# College cooking



## Spring_Mist18 (Aug 9, 2006)

Salutations! I've never posted here before.

I have two questions:
First, do any of you have any recipies that are easy to do in a college dorm? I have a hot plate with a pot and a pan, as well as a refrigerator. Furthermore, I am lactose-intollerant.

Secondly, what is a good substitute for oil or butter, which is called for in most bread recipies?  
 Thank you !
--Erica


----------



## bjcotton (Aug 9, 2006)

Welcome Erica!  I'm sure someone will be along shortly to help you out, but I don't thing there is really any substitute for oil or butter, unless it's lard.


----------



## TATTRAT (Aug 9, 2006)

Welcome to the Board!


I though all college kids lived off of ramen and hot dogs?.....and the occasional "special water"?


----------



## Spring_Mist18 (Aug 9, 2006)

lol... well I'm personally a "health nut"  so I'm just looking for recipies that are simple, and better for you than hot dogs, microwaved food, etc.  

I already have a tall stack of oranges, as well as some canned organic soups and spinach salad. 
So I'm just looking for some newer ideas... the ones I have already started to get SOOO old last year. lol


----------



## DaCook (Aug 9, 2006)

How about pasta and meat sauce. You could make the meat sauce, remove from the hot plate, cook the pasta and when it is done reheat the sauce. Serve with a salad and a crusty roll. Chili also comes to mind.
Why do you want to replace the oil or butter?


----------



## Michael in FtW (Aug 9, 2006)

As for the oil/butter sub in bread ... fats serve a purpose (keeping qualities, texture and grain, tenderness, flavor, color, etc.) - basically overall quality. Some flat breads and some sourdough breads don't call for fats as an ingredient - but since fats are used in such a small quantity I wouldn't worry about it. 

What type of meals are you looking for? There are plenty of pasta, rice, bean recipes - soups, stews, chili - lots of stuff that could be modified from "crock-pot" recipes (if you're going to be in your dorm room for 4-6 hours).


----------



## Spring_Mist18 (Aug 9, 2006)

Thanks for the ideas!! They will work 
I think it also  would be a good idea to get crock pot, when I'll be around for 4-6 hours. 
Much better than cafe food, that's for sure!


----------



## Robo410 (Aug 9, 2006)

breads can be made with olive oil, a healthy choice.
cakes can be made with applesauce, prune preserve etc.

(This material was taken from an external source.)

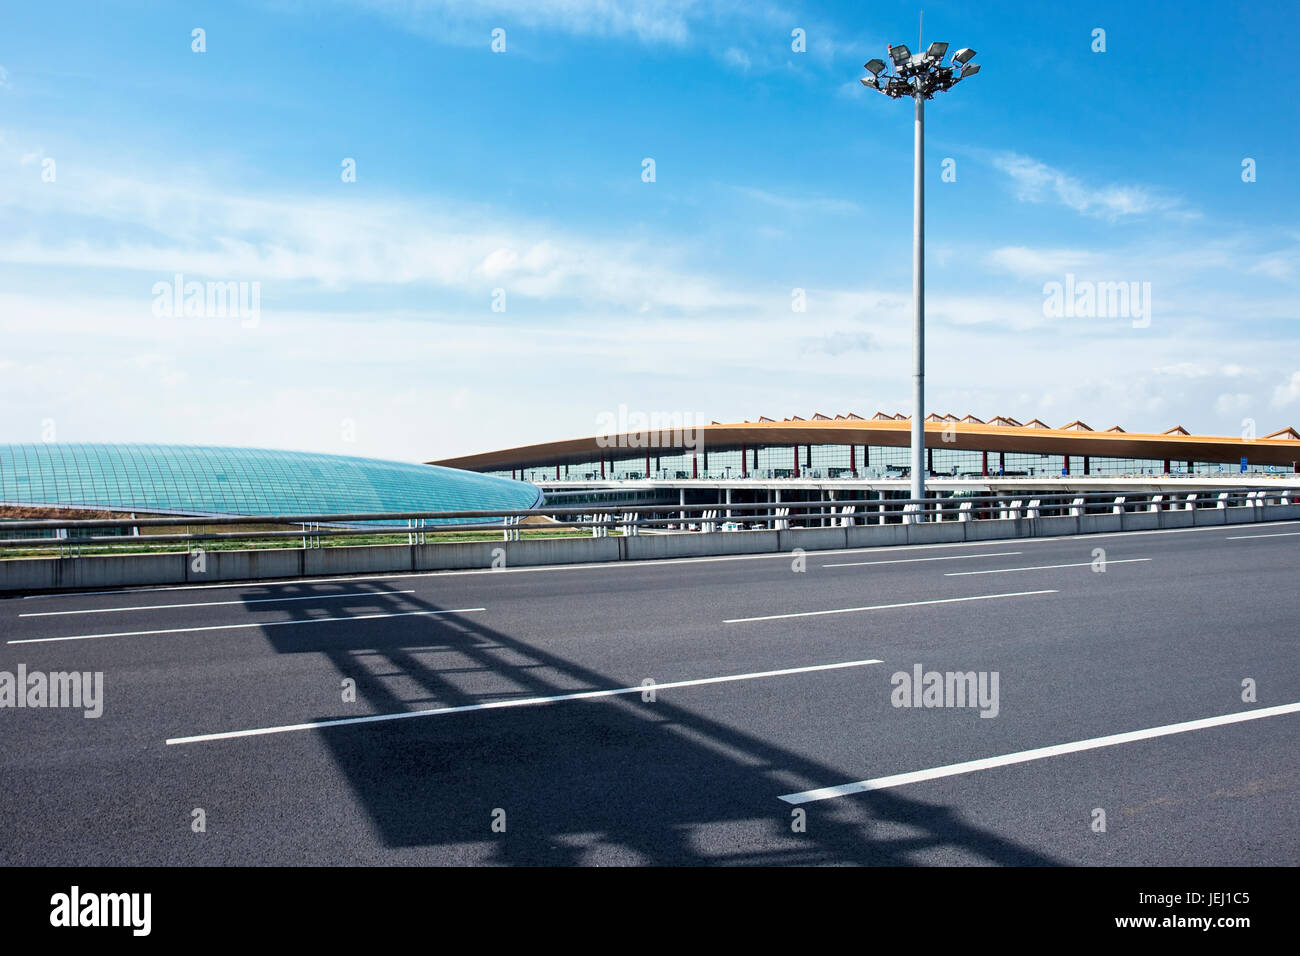 PECHINO-OTT. 13, 2011. Terminal 3 dell'aeroporto internazionale di Pechino Capital in una giornata di sole con un cielo blu e le nuvole drammatiche. Foto Stock

many healthy one pot meals exist.  I love red lentil soup with potatoes and kale and sausage or ham.  but the meat can be left out.  instead of chicken broth use veggy broth.  red lentils cook in half an hour no soaking needed, great for you.  add parsnips and turnips.  delicious.  

THe new all purpose joy of cooking will serve you well in the college dorm.


----------



## VeraBlue (Aug 10, 2006)

Hello Spring Mist

Good luck in college.  Rather than answer your original query (sorry), do permit to me to make a suggestion.  I'm assuming you also have a meal plan, yes?   Please seek out the dining service office.  I promise they, especially the chef, will be very happy to discuss your particular dietary needs with you.  Short of making meals especially for you, the chef will be able to point out which foods you can easily tolerate on any given day.  The chef will be able to help you plan meals for healthy eating.
Please consider this.

Most campus dining services spend a great deal of time trying to give the customers exactly what they want.  Lots of effort is given to vegetarian diets, heart healthy diets, lo-carb diets, high protien diets.  More fresh produce than frozen is often used.  Breads come in every day.   You'll probably find at least three kinds of fruit juice.  It's also more cost productive to make food from scratch than buying frozen food, so you can be assured that everything is made fresh.  Keep an open mind and communicate with the service.   They would appreciate that.


----------



## Human (Aug 10, 2006)

Here are some suggestions:

Pot:

- cook wild rice (if rice can be cooked with the pot) + mushroom sauce from Campbell.
-cook carrots and/or potatoes, and mash them together. With the extra water, you can make pototoe soup
-chicken broth + eggs (1 or 2) + iceberg lettuce + salt (if you wish)
-boiled egg to make egg sandwiches

I can't think of anything to make with a pan just now only with a pot because I had a rice cooker while living in a residence.

Can you use a slow cooker? Never seen a slow cooker in a dorm before , but it's a suggestion.

Hope this helps.


----------



## Half Baked (Aug 10, 2006)

If you are making coffee cakes or muffin types of bread, applesauce can be substituted for the oil.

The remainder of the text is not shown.